While acknowledging Nigeria’s strengths including its youthful, tech-savvy population and expanding AI adoption in sectors like healthcare, agriculture, and education, Singhal criticized regulatory frameworks like the Nigeria Data Protection Regulation (NDPR) and NITDA’s 2023 AI draft policy as “underdeveloped, underfunded, and poorly enforced.”

Real-World Consequences

Prof. Obadare illustrated the high stakes with real-world examples: Microsoft’s racist chatbot Tay, Amazon’s gender-biased hiring AI, and Uber’s fatal autonomous vehicle crash. “These weren’t tech failures; they were governance failures,” he warned.

He also cited cybersecurity breaches such as the 2023 hacking of ChatGPT and the leak of DeepSeek’s API keys and user data, reinforcing the point that the danger lies not just in the algorithms, but in how AI systems are designed, deployed, and governed.

What Nigeria Must Do

Both experts advocated for a multi-stakeholder approach which include the need for the government to champion AI education, enforce data laws, and establish innovation sandboxes for safe experimentation.

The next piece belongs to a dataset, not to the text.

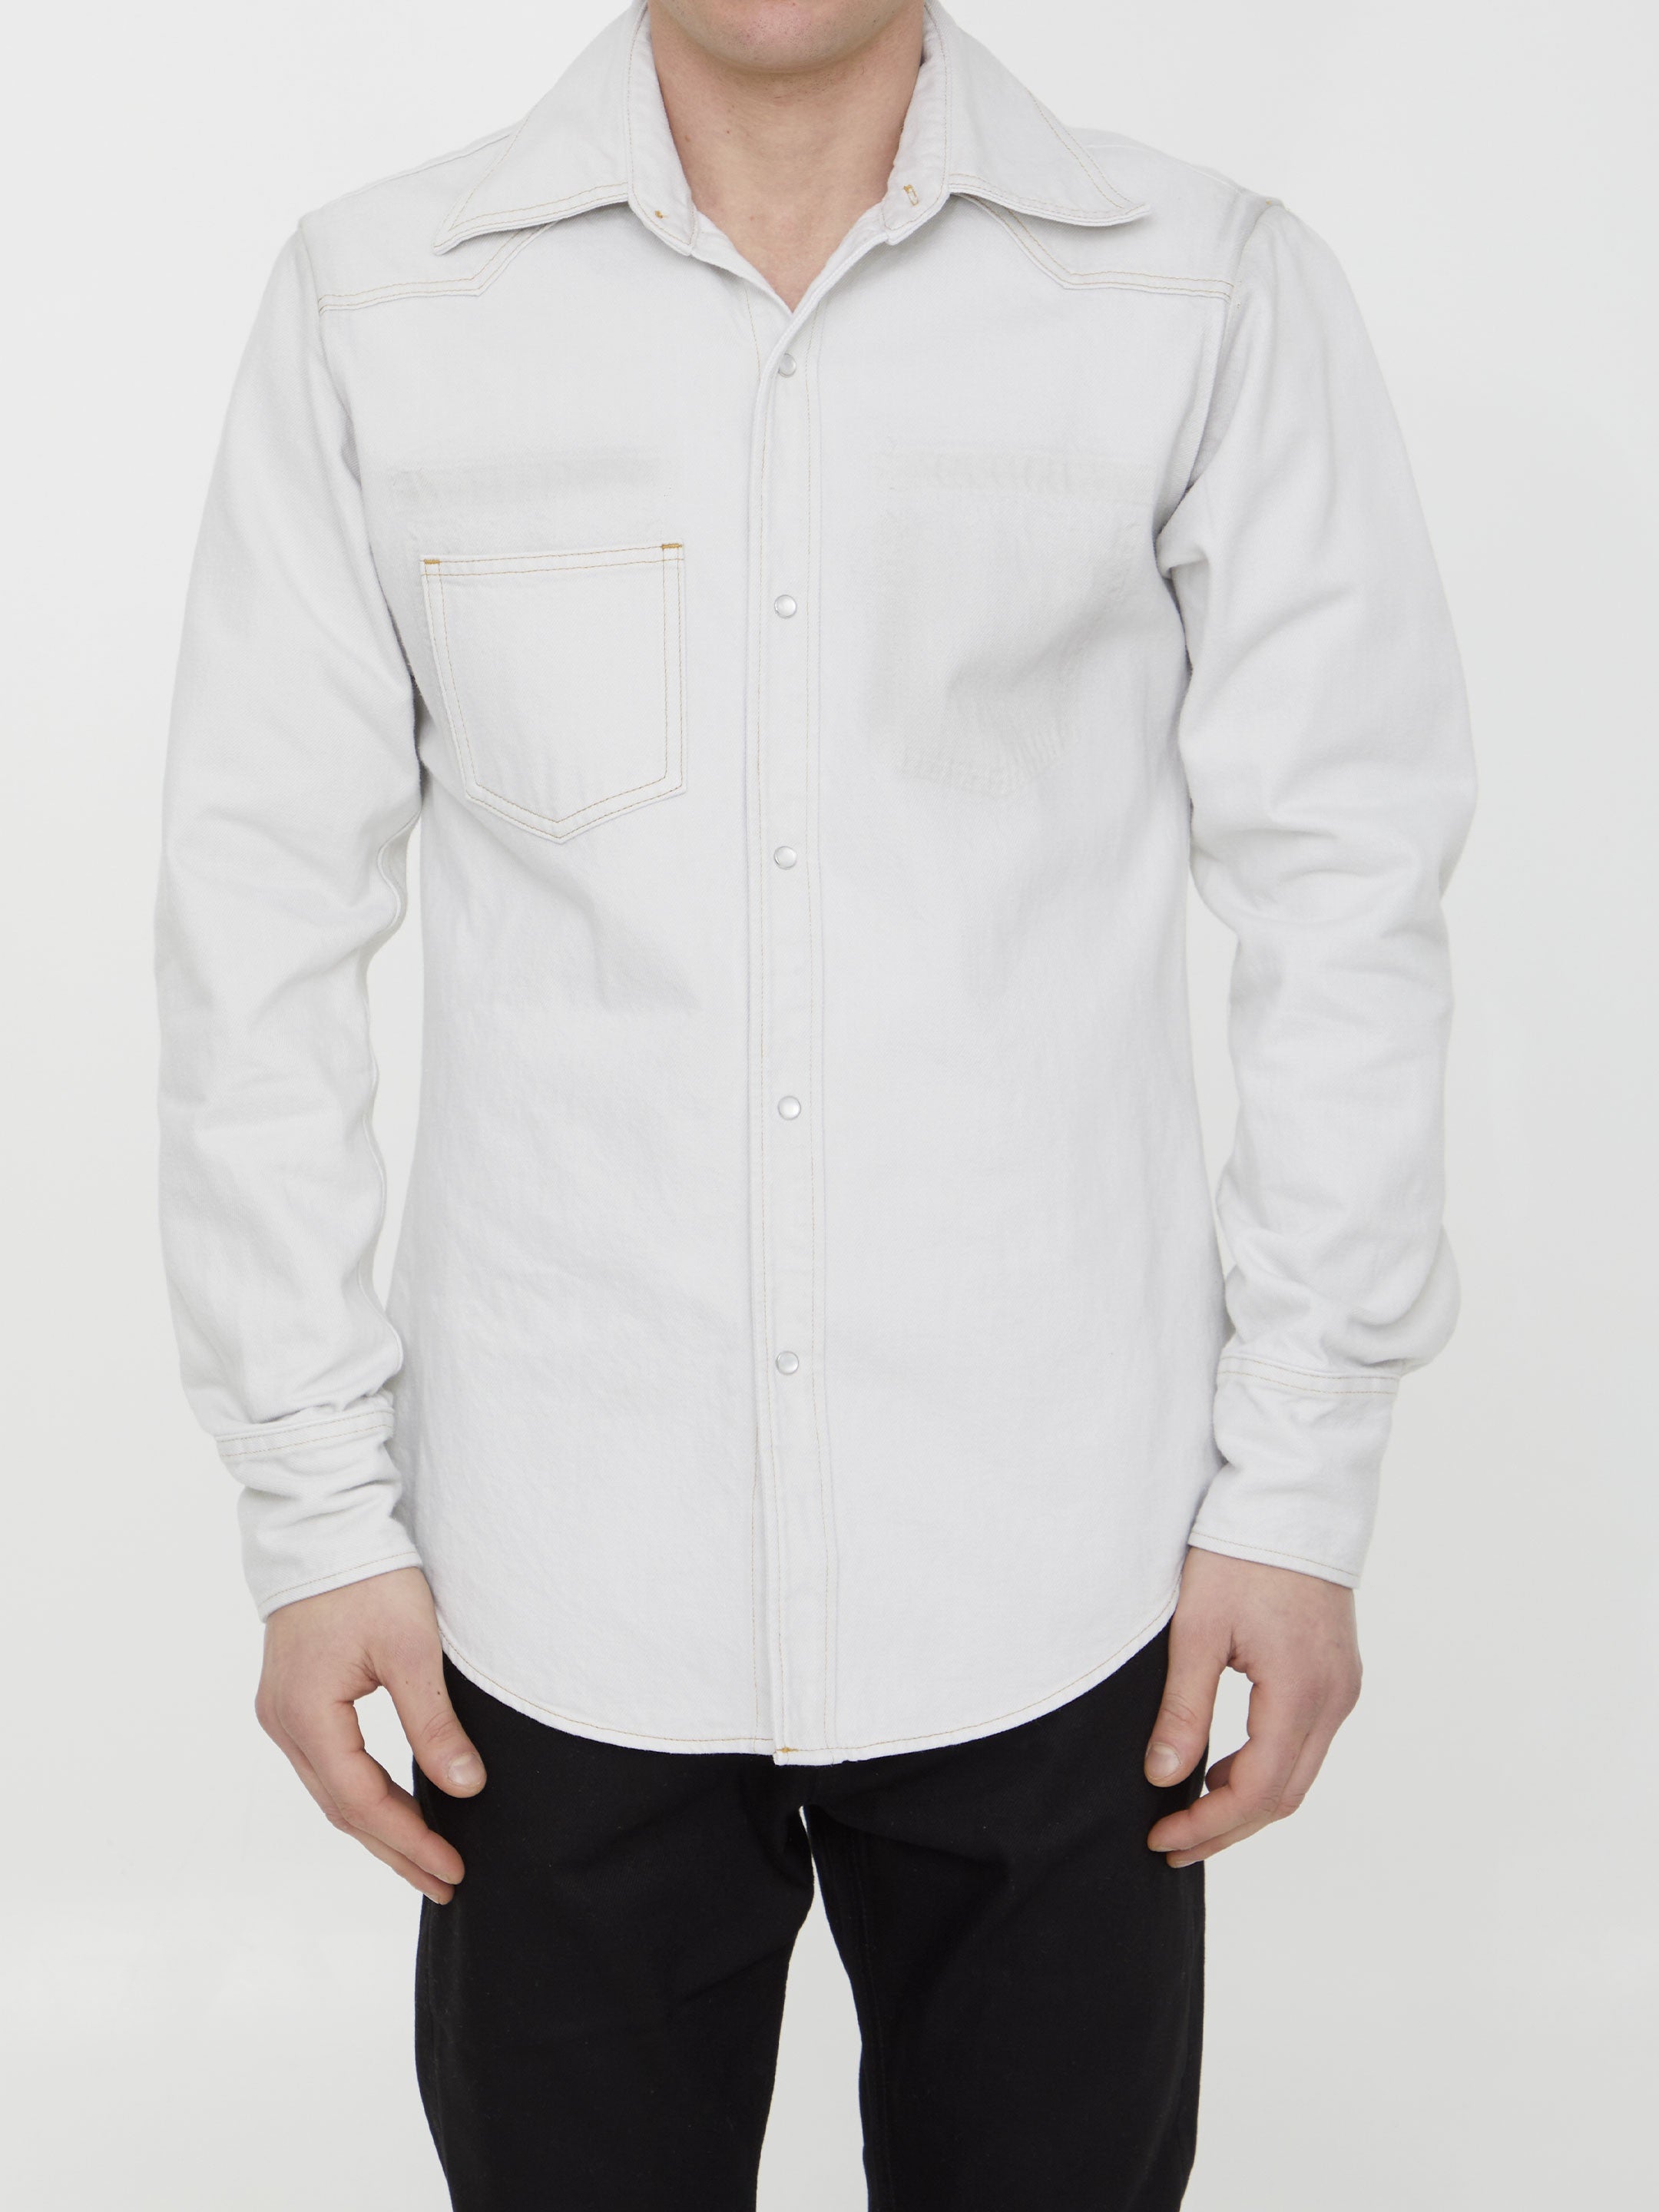 MAISON-MARGIELA-OUTLET-SALE-Cotton-denim-shirt-Shirts-39-WHITE-ARCHIVE-COLLECTION.jpg

They also said that the private sector must prioritise ethical AI design and cybersecurity compliance, adding that the civil society must continue to raise public awareness about digital rights and AI risks, particularly for vulnerable groups.

Prof. Obadare concluded with a clear message, saying: “Governance must be embedded by design. We can’t afford to let innovation outpace responsibility.”

Singhal left the audience with a final challenge that: “AI is already here. The real question is not whether to adopt it; but how. Nigeria must decide whether AI will be our great equaliser or our greatest vulnerability.”